_Work required_.
Repeat only the lines below that run from the line with "leopard print toms shoes" to the line with "Accesorios Complemento para", ends included; skip every picture.

_Exercise materials_.
================
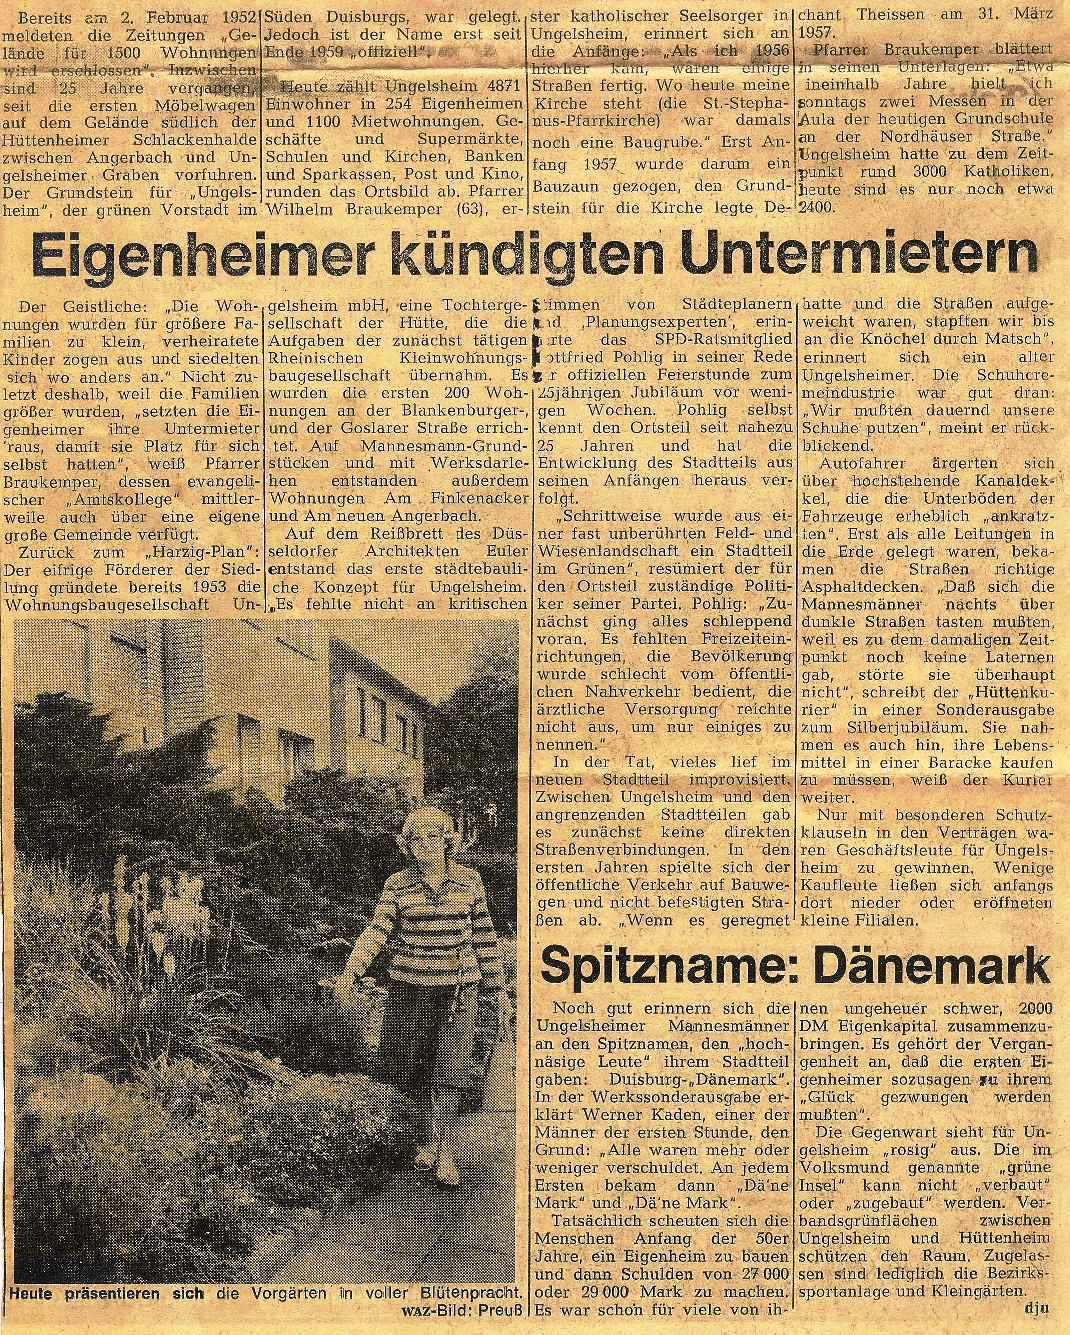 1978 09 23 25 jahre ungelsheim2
================
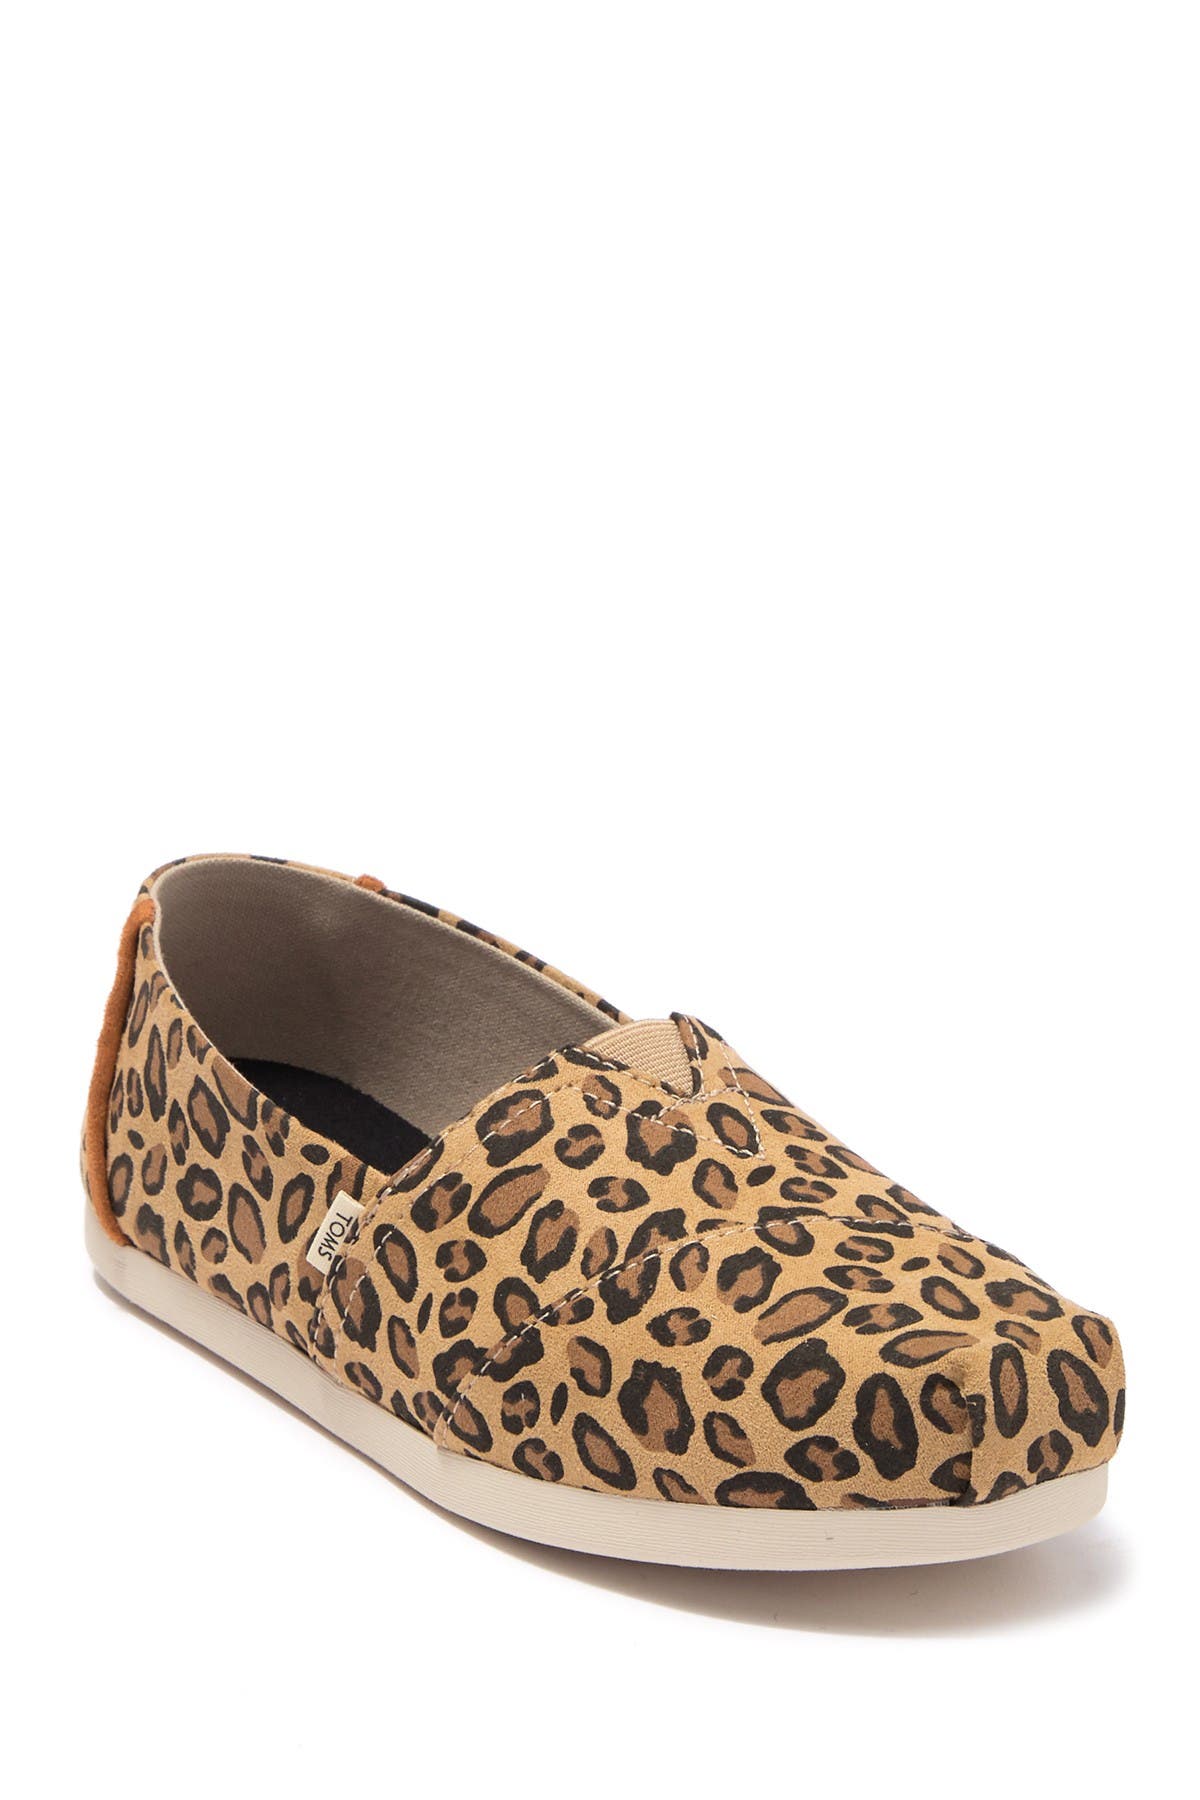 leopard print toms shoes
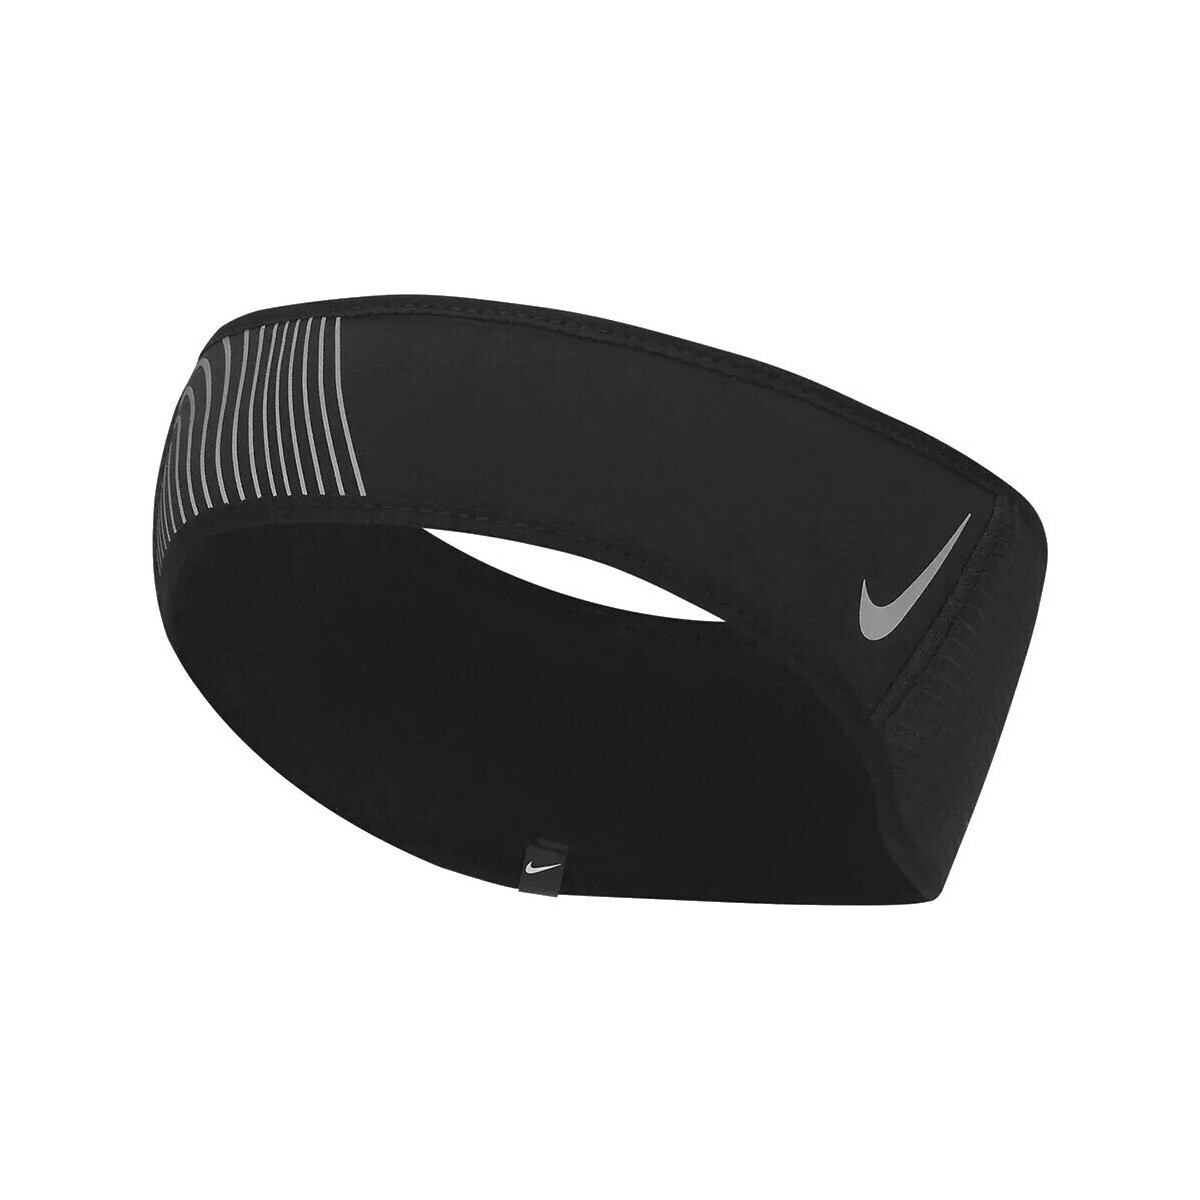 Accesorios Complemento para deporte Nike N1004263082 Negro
================
_Expected output_.
 leopard print toms shoes
 Accesorios Complemento para deporte Nike N1004263082 Negro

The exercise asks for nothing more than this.